The two constraining functions are $g(x)=a+e$ and $h(x)=c+f$. Imagine that you're walking along the intersection of the curves $g(x)=1$ and $h(x)=1$. At any point $x$ let's call the set of direction you're allowed to move in $A_x$. We know that walking in the direction of the gradient vector $\nabla \varphi(x)$ will lead to you to greater values of $\varphi$. We are interested in the points where $\nabla\varphi(x)$ is perpendicular to every vector in $A_x$, because this means the only way to increase the value of $\varphi$ is to walk straight off the constraining curves. ($x$ is either a local minima or maxima) Let's call $A_x^{\bot}$ the set of vectors perpendicular to $A_x$. Then $\nabla \varphi(x)\in A_x^{\bot}$.

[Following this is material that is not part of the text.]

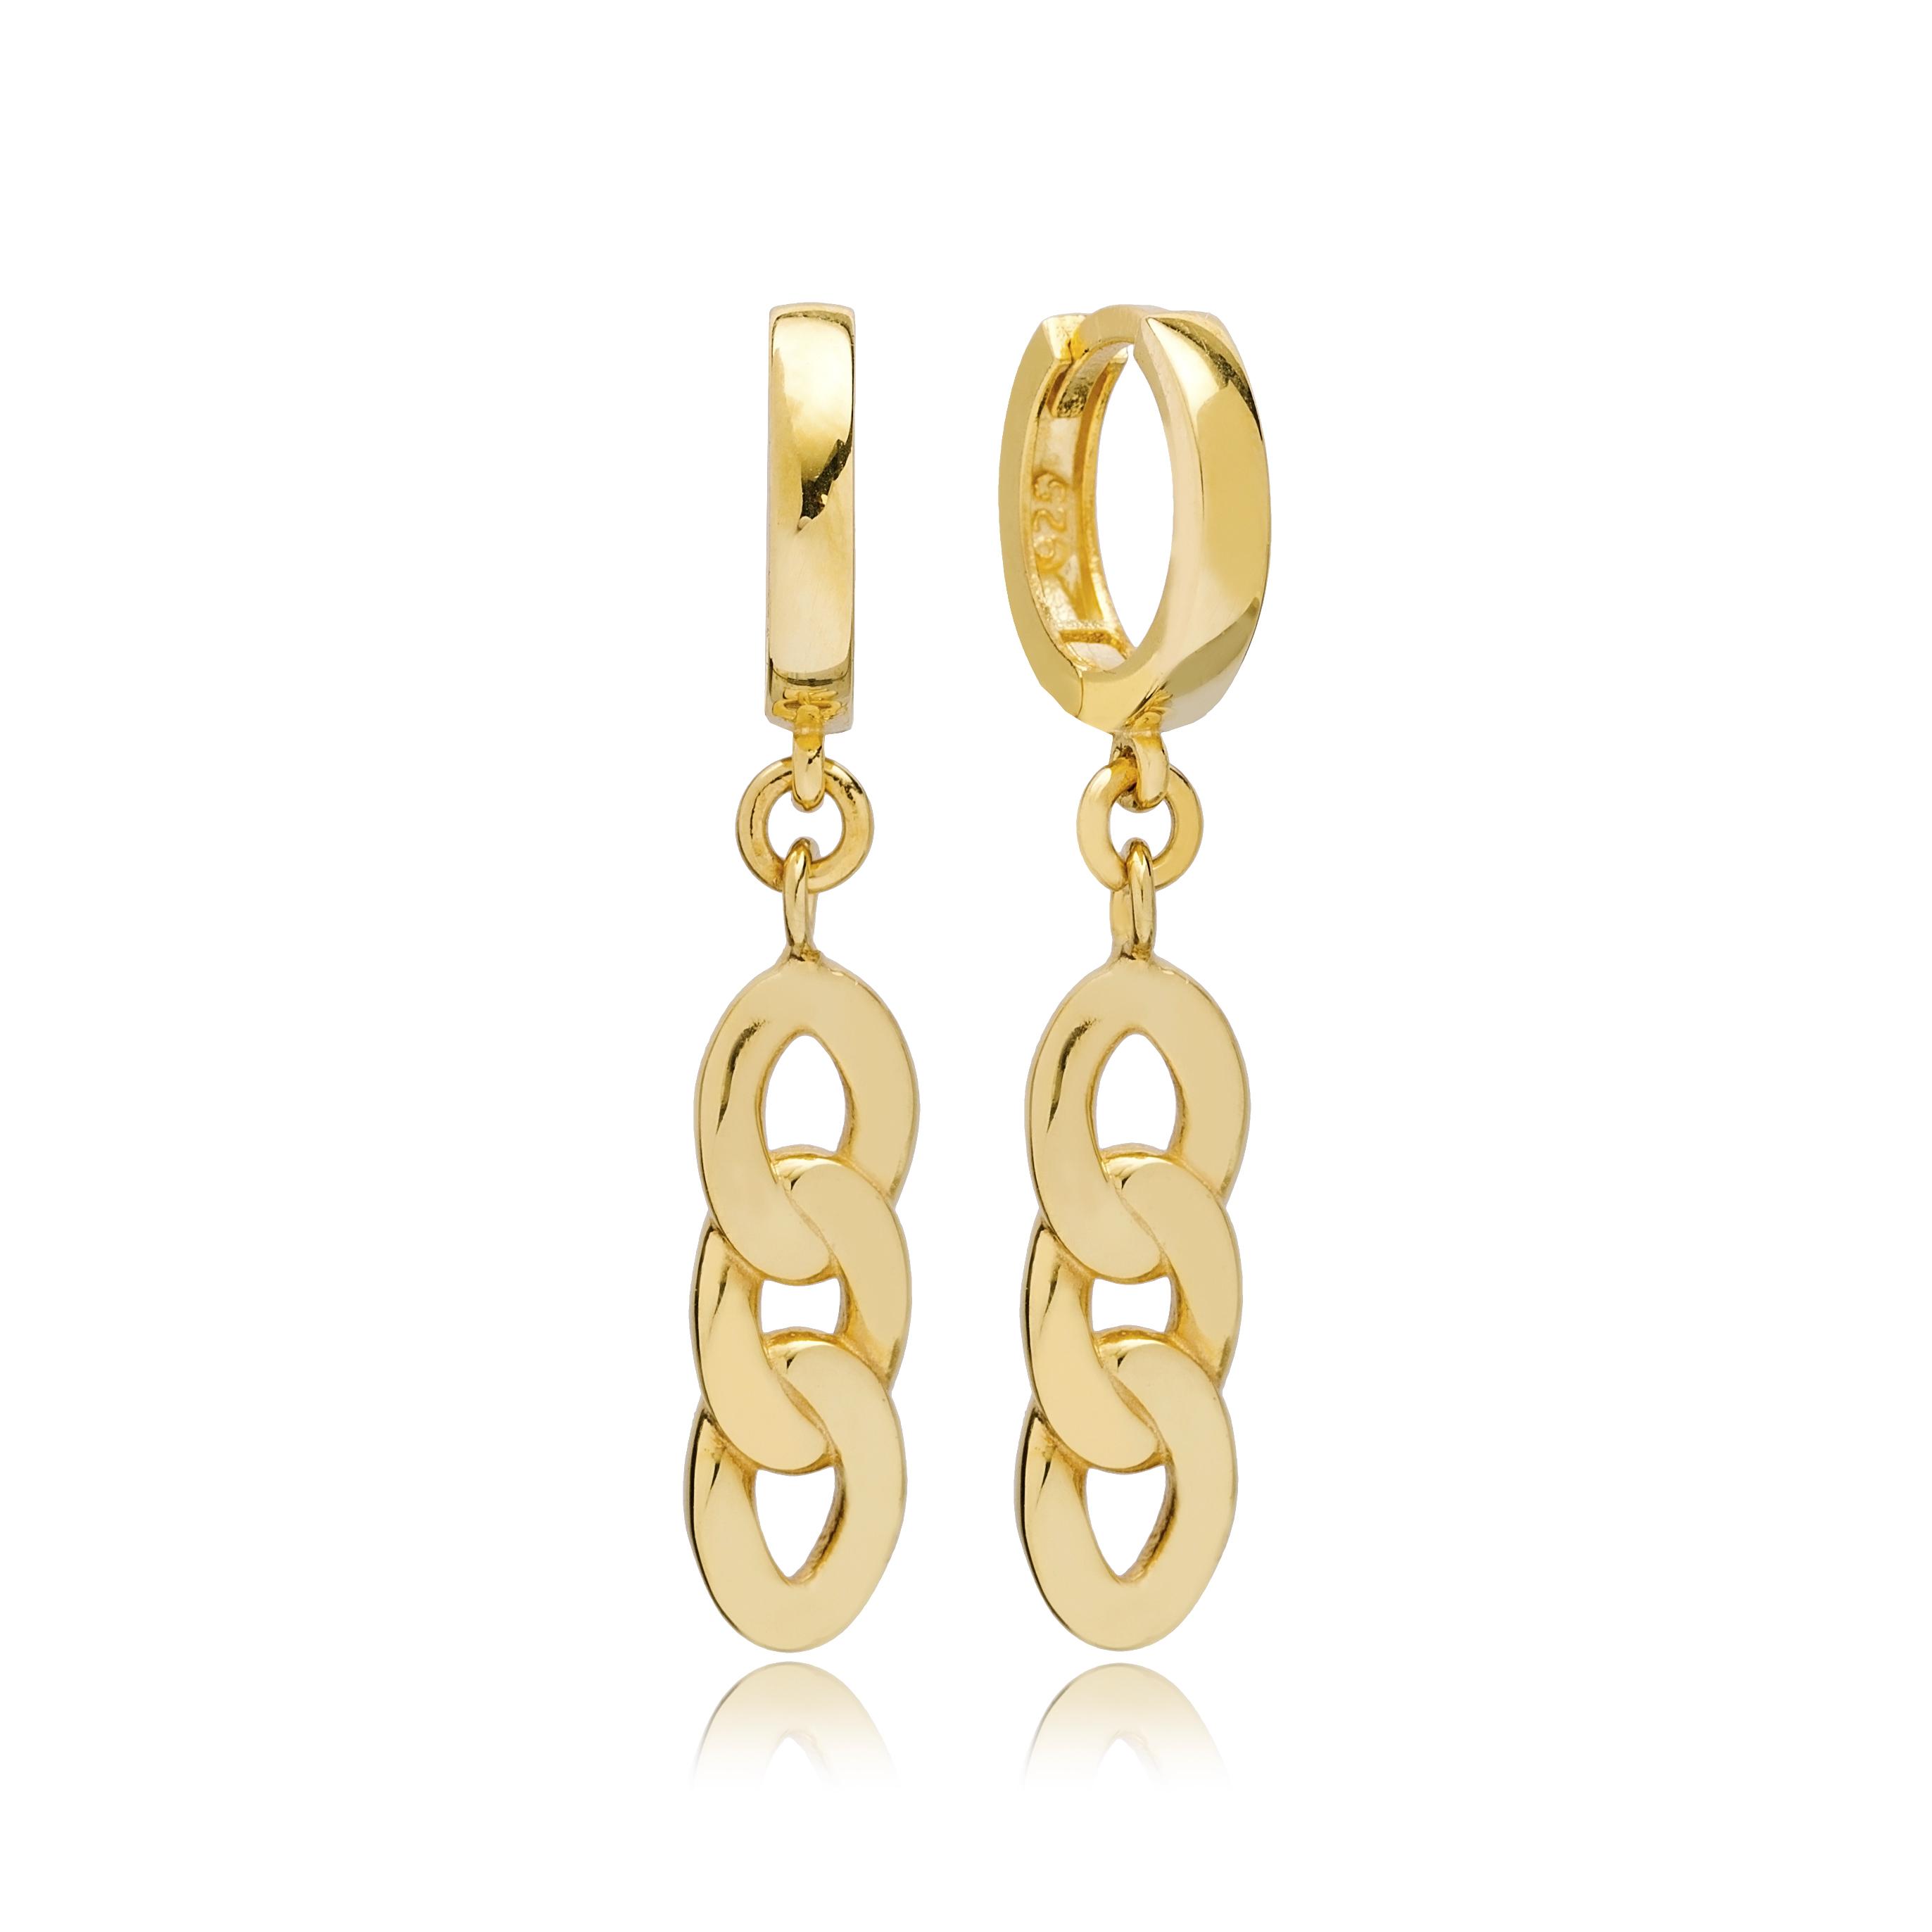 Rope Design Charm Dangle Earring Turkish Handmade 925 Sterling Silver Jewelry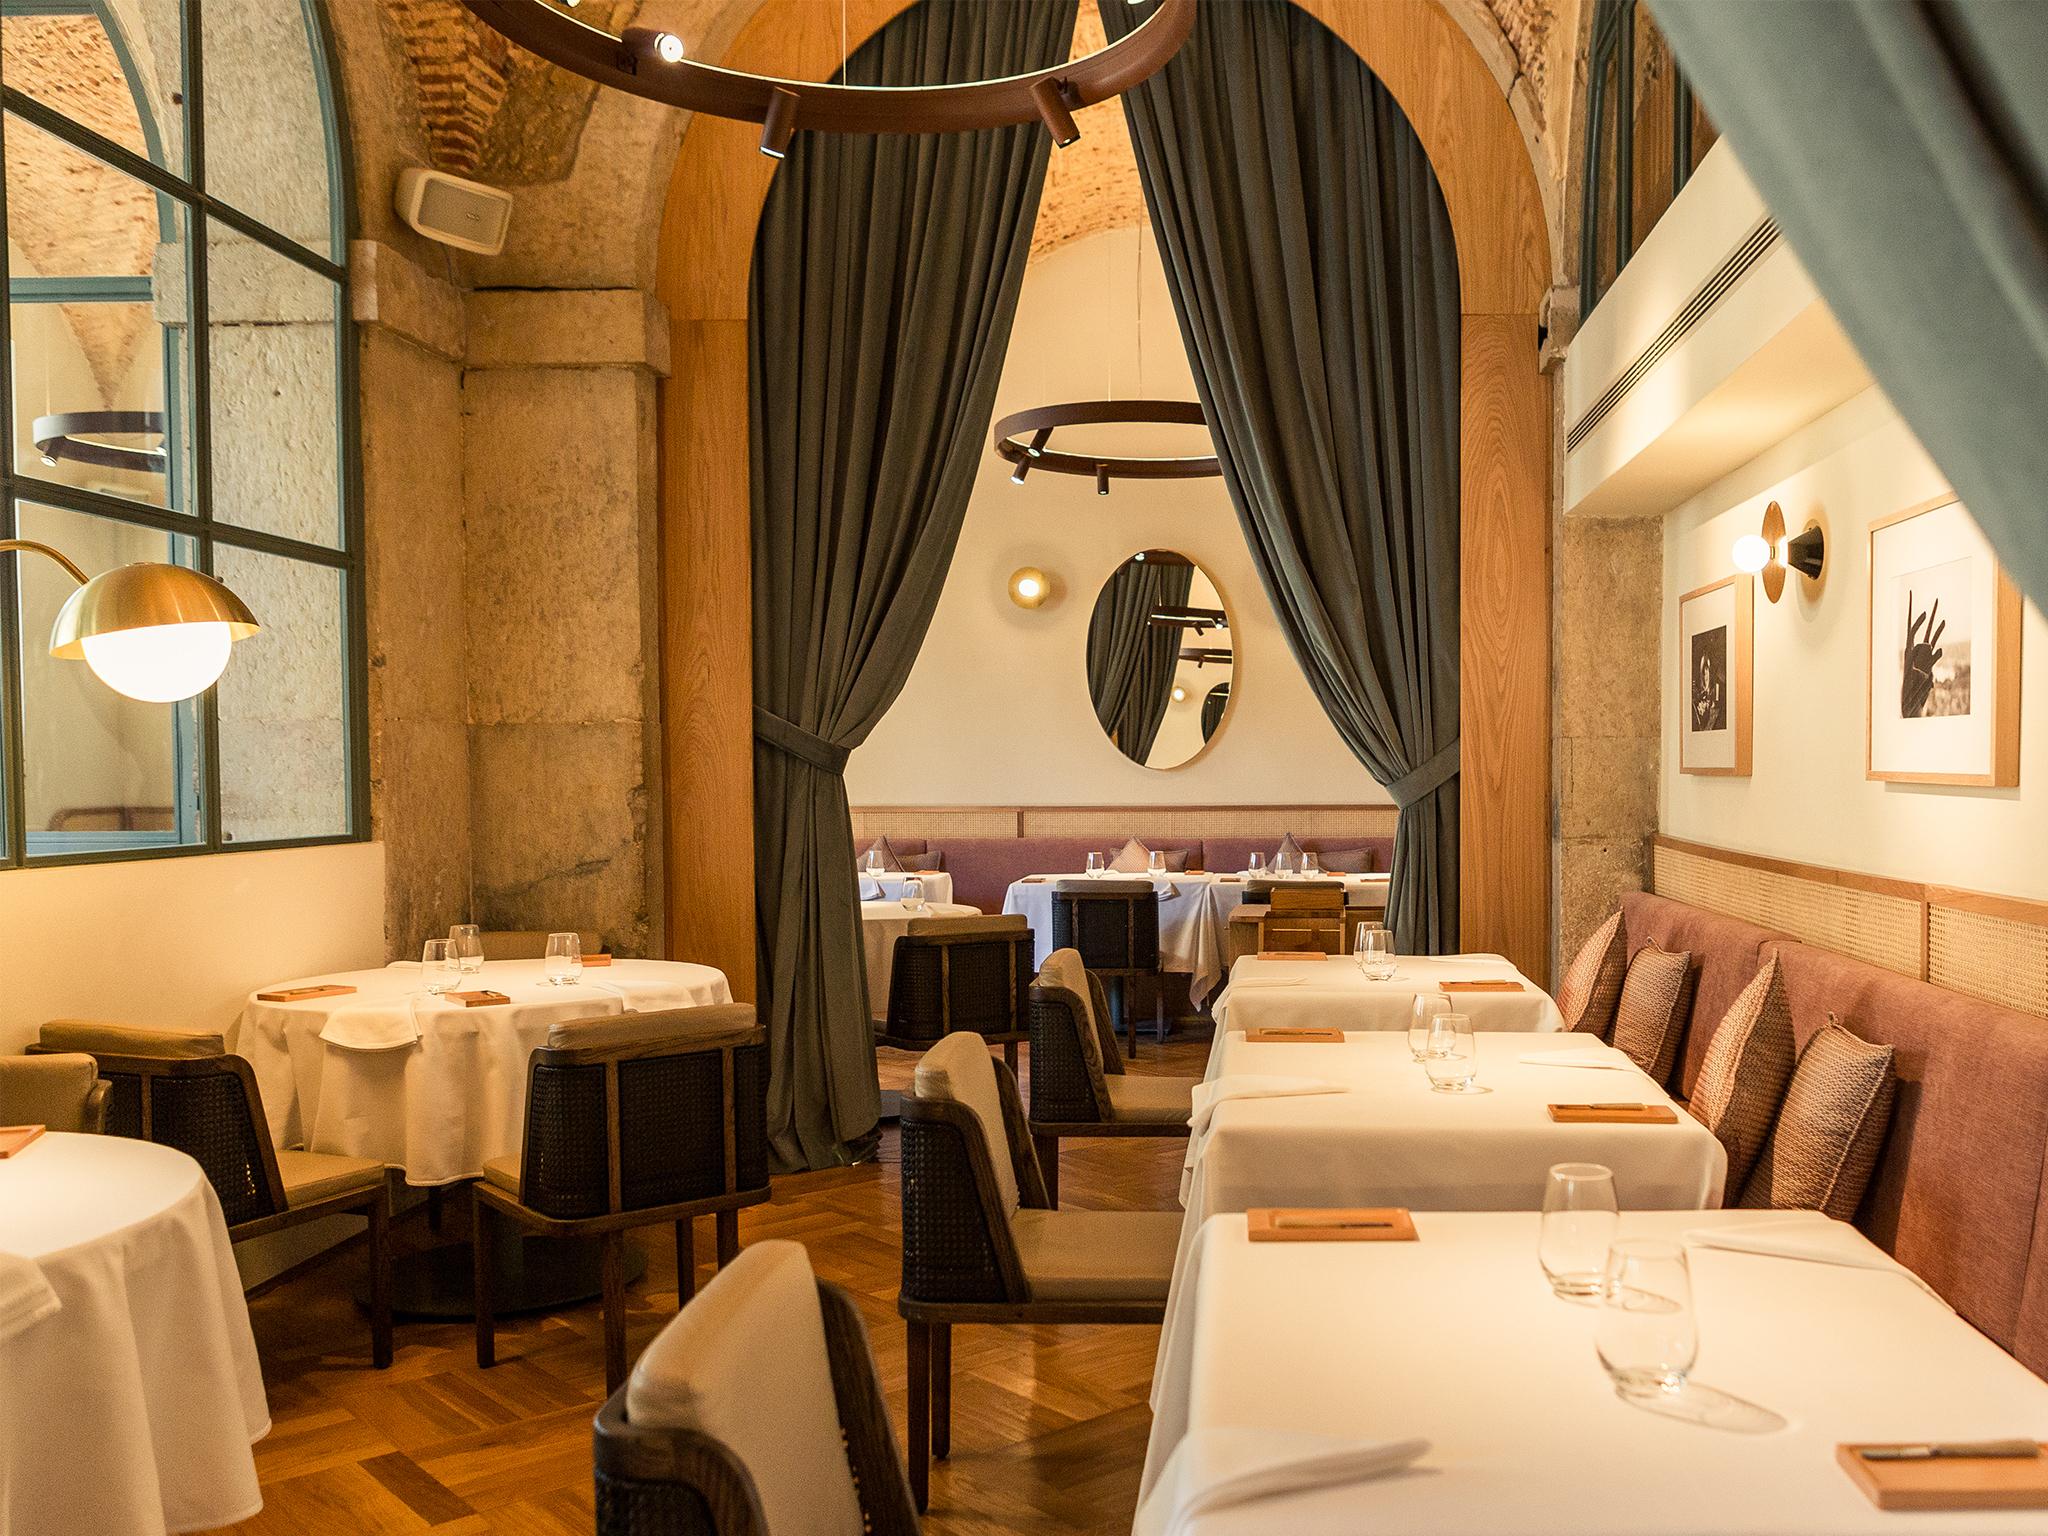 Os 10 restaurantes que marcaram a cidade na última década

If we move on the curve $g(x)=1$ then for every point on that curve we are moving perpendicular to $\nabla g(x)$ other wise we would wander off the contour. So moving along the intersection of $g(x)=1$ and $h(x)=1$ means we are moving perpendicular to $\nabla g(x)$ and $\nabla h(x)$. Thus, these two vectors span $A_x^{\bot}$ and we are interested in points $x$ where $\nabla \varphi(x)$ can be written as a linear combination of $\nabla g(x)$ and $\nabla h(x)$. $$\nabla \varphi(x)=\lambda \nabla g(x) + \mu \nabla h(x)$$
To make things slightly less cluttered we'll use the fact that $\varphi(a,c,e,f)$ has a maximum where $2\varphi(a,c,e,f)$ does. Using the trick you mentioned and simplifying the resulting equations we get $$bhk+bjl-\frac{abh-cdg}{|abh-cdg|}(bhk)-\frac{abj-fdg}{|abj-fdg|}(bjl)=bhl+bjm-\frac{ebh-cdi}{|ebh-cdi|}(bhl)-\frac{ebj-fdi}{|ebj-fdi|}(bjm)$$ $$dgk+dil+\frac{abh-cdg}{|abh-cdg|}(dgk)+\frac{ebh-cdi}{|ebh-cdi|}(dil)=dgl+dim+\frac{abj-fdg}{|abj-fdg|}(dgl)+\frac{ebj-fdi}{|ebj-fdi|}(bjm)$$ $$a+e=1$$ $$c+f=1$$ Of course in order produce these equations we had to make a multitude of assumptions like $abh\neq cdg$ for example. So the case where $abh=cdg$ has to be analyzed separately.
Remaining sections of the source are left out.